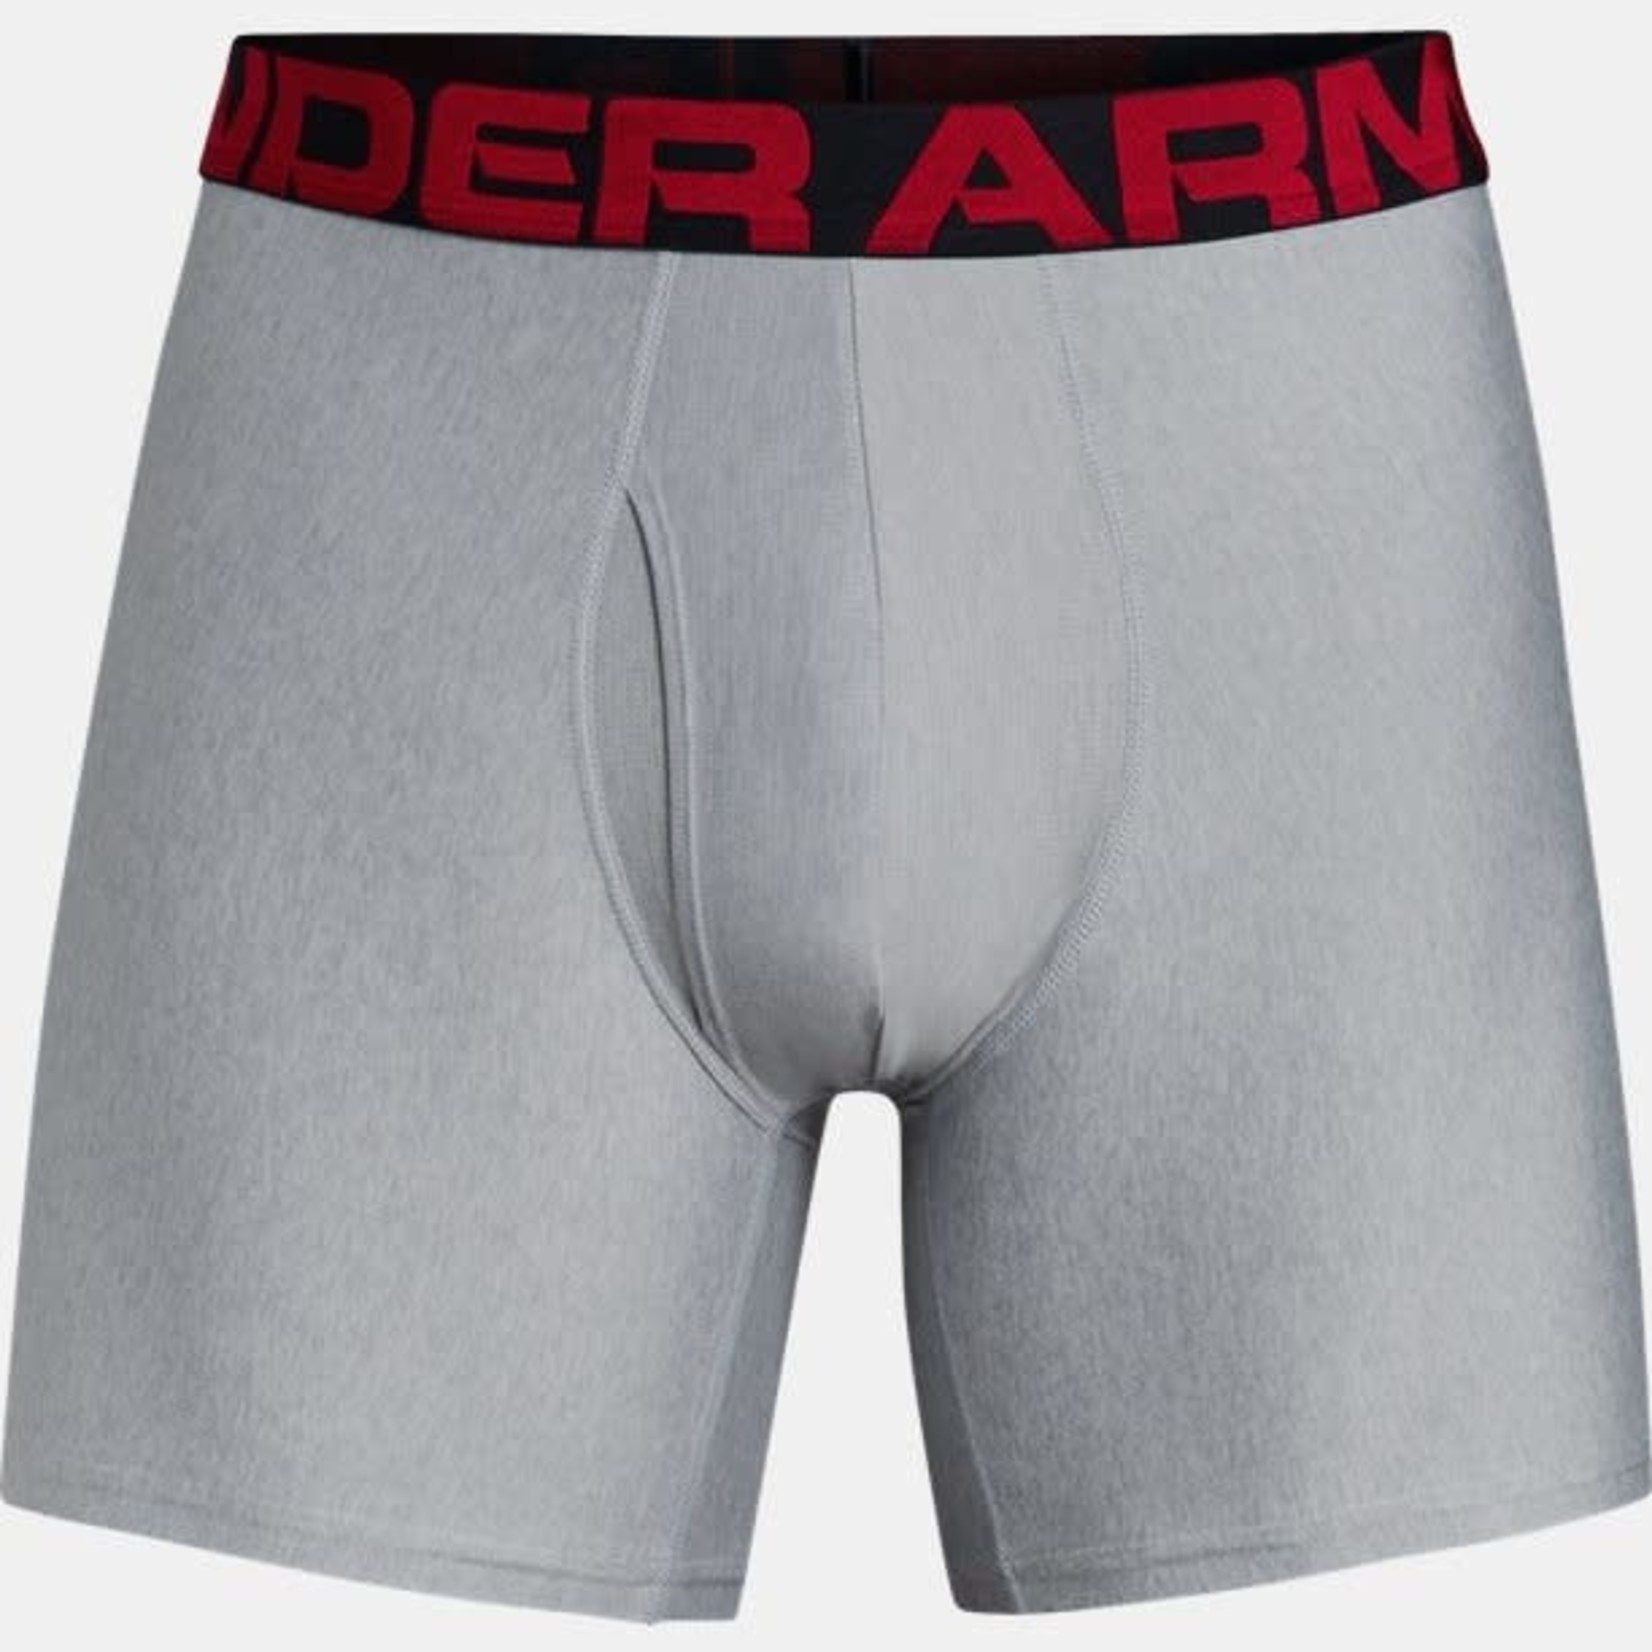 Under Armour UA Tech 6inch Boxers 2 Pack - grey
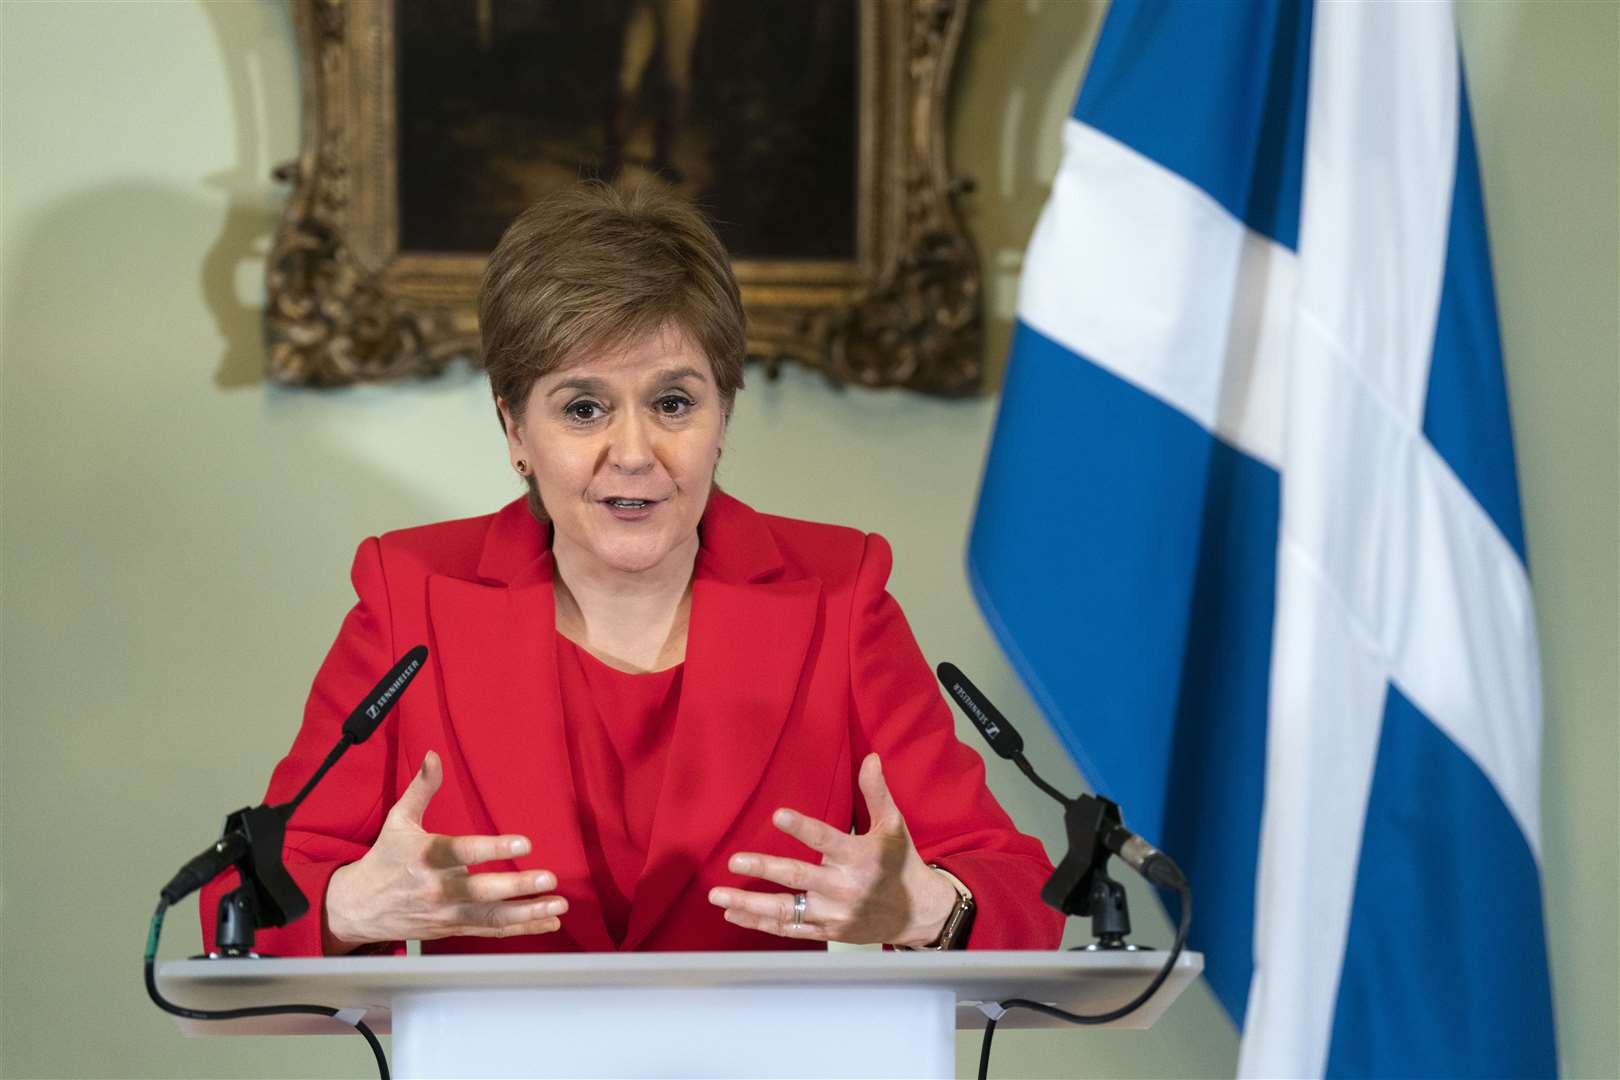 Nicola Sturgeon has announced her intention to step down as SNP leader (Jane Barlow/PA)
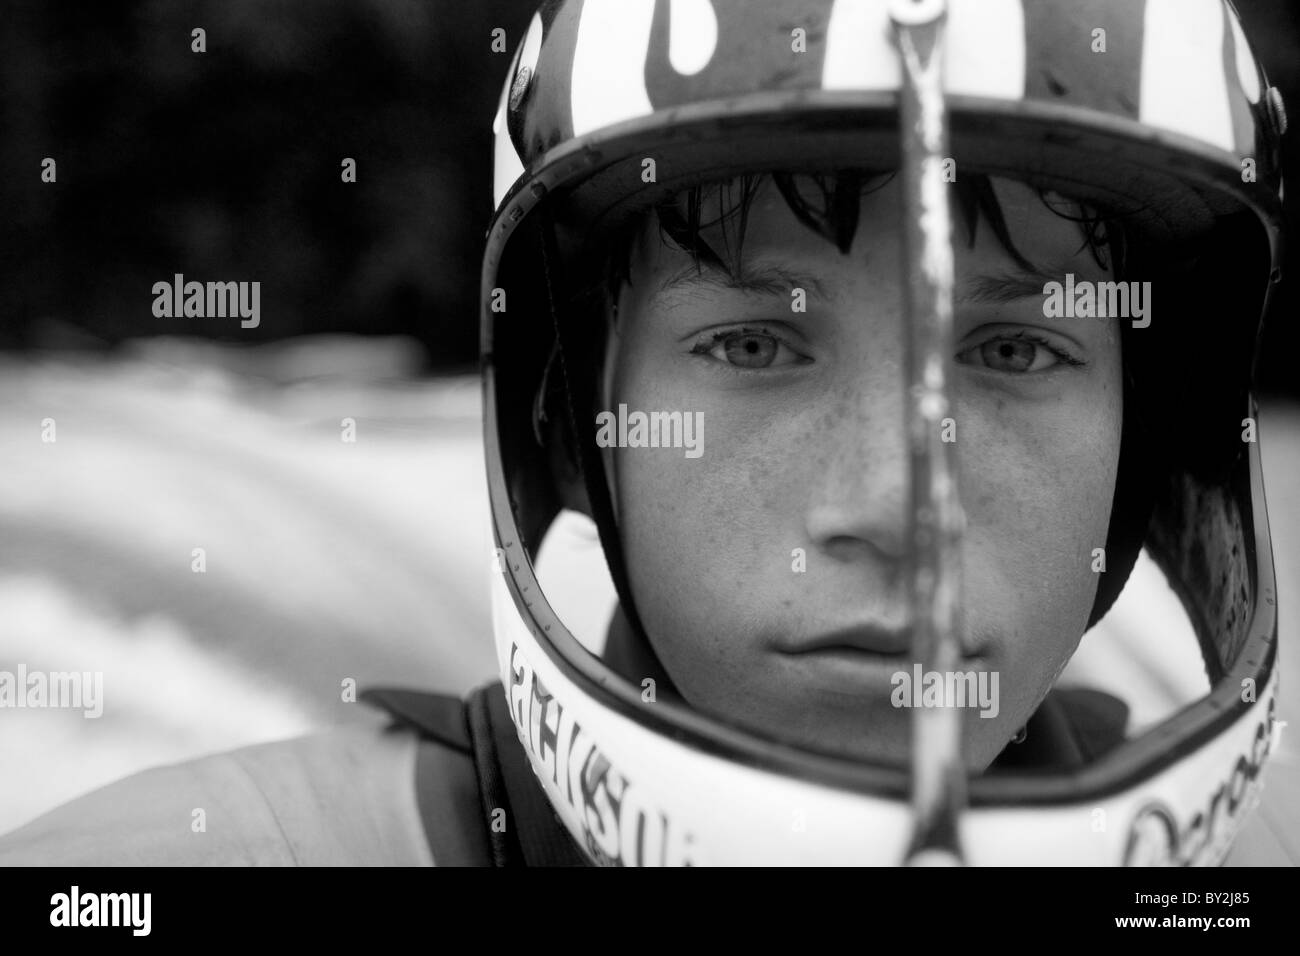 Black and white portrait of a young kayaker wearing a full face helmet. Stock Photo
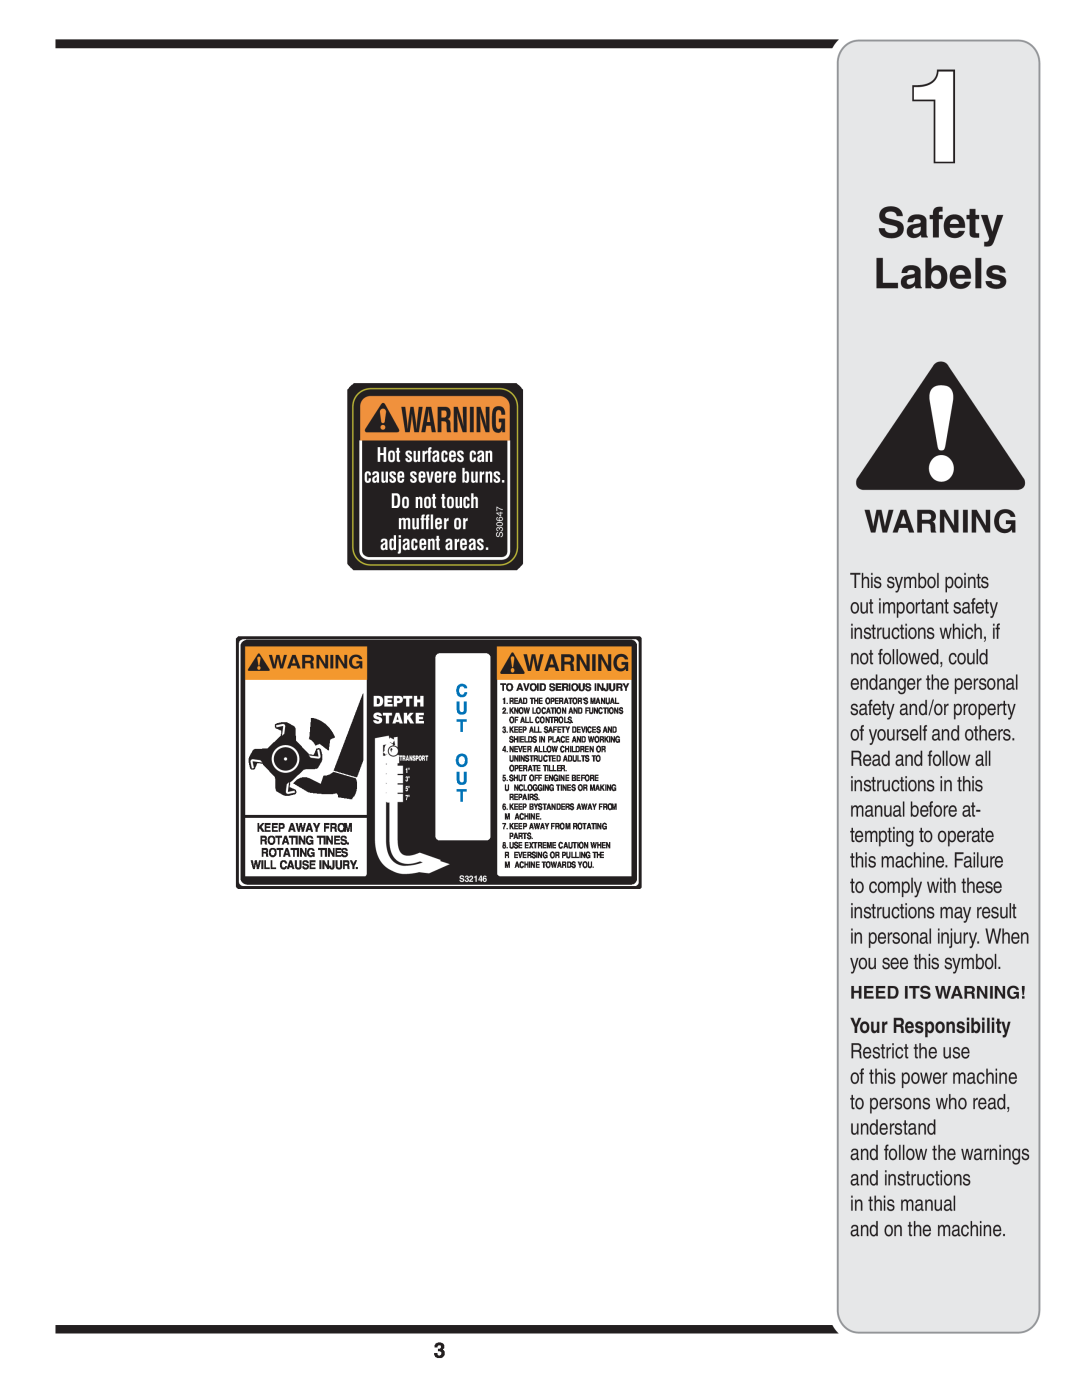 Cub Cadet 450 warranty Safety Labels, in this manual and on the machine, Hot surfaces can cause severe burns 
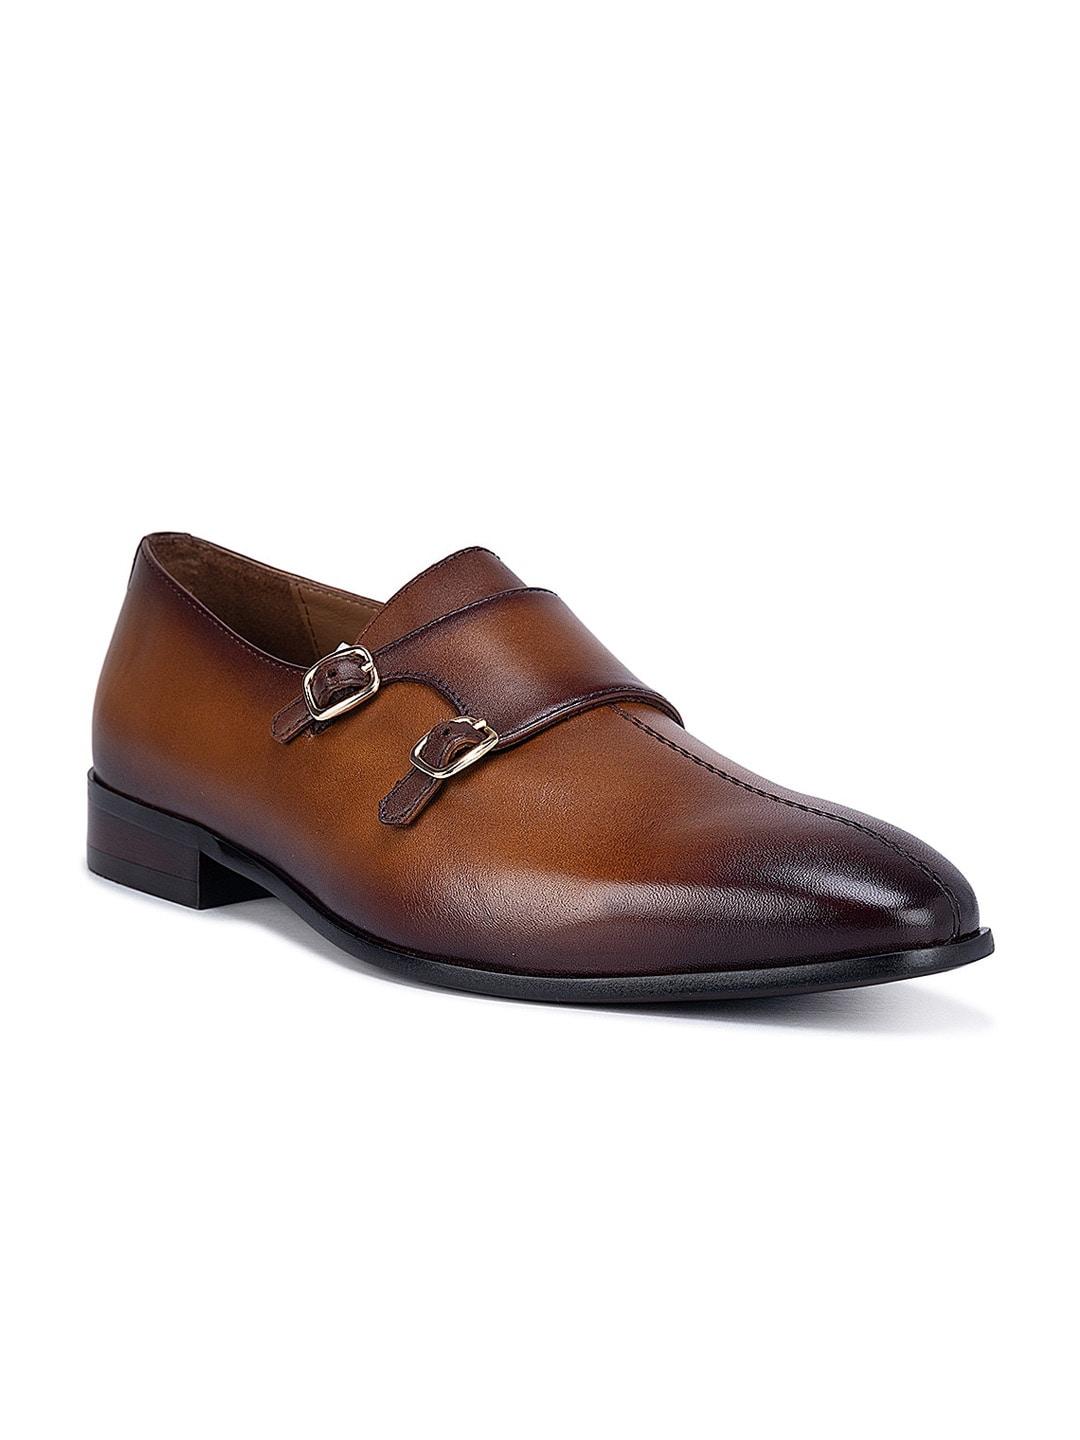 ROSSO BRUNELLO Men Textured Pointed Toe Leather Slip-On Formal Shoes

........

**Task to complete**: From the first line to the last, print the records exactly; leave out the pictures.

**Result for this exercise**:
 Under Armour UA Tech 6inch Boxers 2 Pack - grey
 Nicola Sturgeon has announced her intention to step down as SNP leader (Jane Barlow/PA)
 Black and white portrait of a young kayaker wearing a full face helmet. Stock Photo
 Cub Cadet 450 warranty Safety Labels, in this manual and on the machine, Hot surfaces can cause severe burns 
 ROSSO BRUNELLO Men Textured Pointed Toe Leather Slip-On Formal Shoes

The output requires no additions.